А  Б  В  Г  Д  Е  Ж  З  И  Й  К  Л  М  Н  О  П  Р  С  Т  У  Ф  Х  Ц  Ч  Ш  Щ  Э  Ю  Я  

 


– Не только это. Фон Вайганг является соединительным звеном между некоторыми влиятельными кругами немецких промышленников и банкиров и нацистским руководством. Это хорошо знает Гиммлер, и поэтому должен считаться с группенфюрером.
– А фон Вайганг, в свою очередь, знает много того, что недоступно для других генералов СС.
– Еще бы, – подтвердил Хокинс.
– На бирже такие сведения вызвали бы резкое повышение акций, – не без намека произнес Кремер.
– Лично я отдаю предпочтение твердому курсу, – отпарировал американец. – Бумаги, которые сегодня резко подскочили в цене, завтра могут быть обесценены. Правда, вам это не угрожает. Конечно, если фирма выполнит обязательства.
– На том стоим, – бодро ответил Карл.
– Вот мы и подошли к главному. – Хокинс повернулся к Кремеру. – Я рискнул встретиться с вами здесь не для того, чтобы поболтать о деловых способностях фон Вайганга…
– Для меня это было ясно с самого начала, – отрезал Карл. Сват фар встречной машины на несколько секунд вырвал из тьмы лицо Хокинса, и Кремер успел заметить, как наморщился у него лоб. Волнуется все же. Но когда американец заговорил, голос его был абсолютно спокойным.
– Я и еще одно лицо, – начал Хокинс, намного растягивая слова, – очень влиятельный представитель наших деловых кругов, хотели бы встретиться с руководителями Дрезденского банка и главами крупнейших саксонских концернов и фирм. Деловое совещание на высшем уровне. Сегодня вы должны посоветоваться с фон Вайгангом и завтра сообщить мне о возможности организовать такую встречу.
– Думаю, – осторожно начал Кремер, – представители наших деловых кругов захотят узнать, чем вызваны необходимость и срочность такой встречи.
– Безусловно, – согласился Хокинс. – Имеем дело с солидными людьми, и всякая недоговоренность должна быть исключена. Так вот. Мы хотели бы послушать соображения наших коллег о том, как они представляют себе пути развития послевоенной немецкой экономики и что следует сделать, чтобы сохранить промышленный потенциал страны. Надеюсь, детализировать не следует.

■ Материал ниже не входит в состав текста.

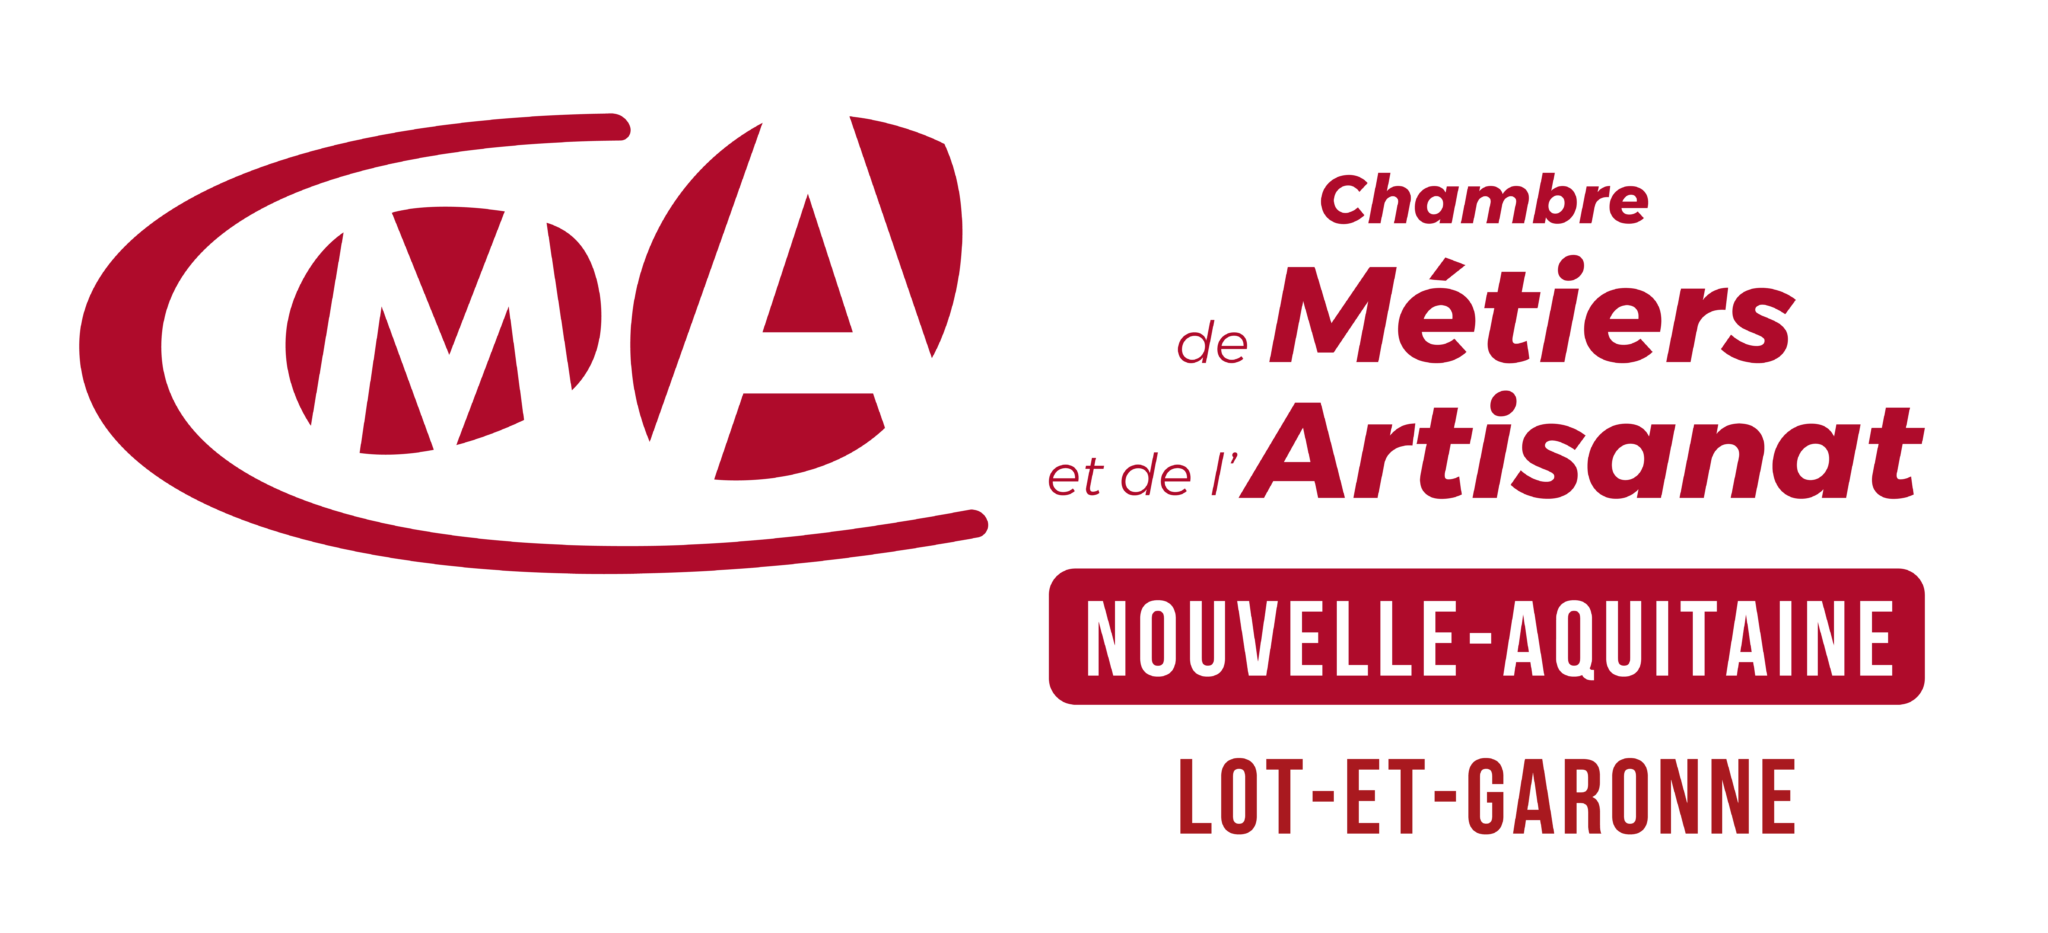 Chambre de Métiers et de l'Artisanat de Lot-et-Garonne

– Это было бы лишним, – буркнул Кремер.
– Не обижайтесь, – понял Хокинс. – Просто я не имею времени… И еще. Передайте фон Вайгангу: встреча может состояться лишь при условии, если он гарантирует безопасность представителю наших бизнесменов, а также полную секретность совещания. Мне легче, – усмехнулся, – я – швейцарский подданный, однако и мне приходится, как видите, принимать некоторые меры, прежде чем встретиться с вами.
«Опель» въехал в затемненный город и остановился в одном из узких переулков Альтштадта. Кремер вышел, подождал, пока машина скрылась за углом, и дошел к автобусной остановке.
* * *
Мать принялась растапливать плиту, а Горст, как сел, так и продолжал сидеть, не снимая пальто. В доме холодно, неприветливо, и даже кухня с блестящими кастрюлями и горкой тарелок на полке – какая-то чужая. И запах чужой – пахнет плесенью и почему-то карболкой. Этот запах нужника все время преследовал Горста в тюрьме, но чтобы дома?… А может, это он сам насквозь пропах тюрьмой?
Парня затошнило, он пересилил себя, встал и вышел в прихожую. Скинул пальто и костюм – стоял в одном нижнем белье, не чувствуя холода.
– Мама! – позвал Горст. – Дай мне чистое белье.
– Сейчас нагрею воды, – выглянула в прихожую Марта, – помоешься.
– Дай чистое белье! – упрямо повторил Горст и не успокоился, пока на переоделся.
Только теперь его перестало тошнить – лег на старенький, со скрипящими пружинами диванчик, уткнулся лицом в подушку. Лежал, стиснув зубы, с сухими глазами, хотя и хотелось плакать. Угнетало чувство собственной незначимости и никчемности, вынесенное из тюрьмы. Будто ты не человек, а ничтожный слизняк, которого каждый может раздавить и растереть, безнаказанно уничтожить. И никого это не тронет, еще и плюнут на то место, где тебя раздавили…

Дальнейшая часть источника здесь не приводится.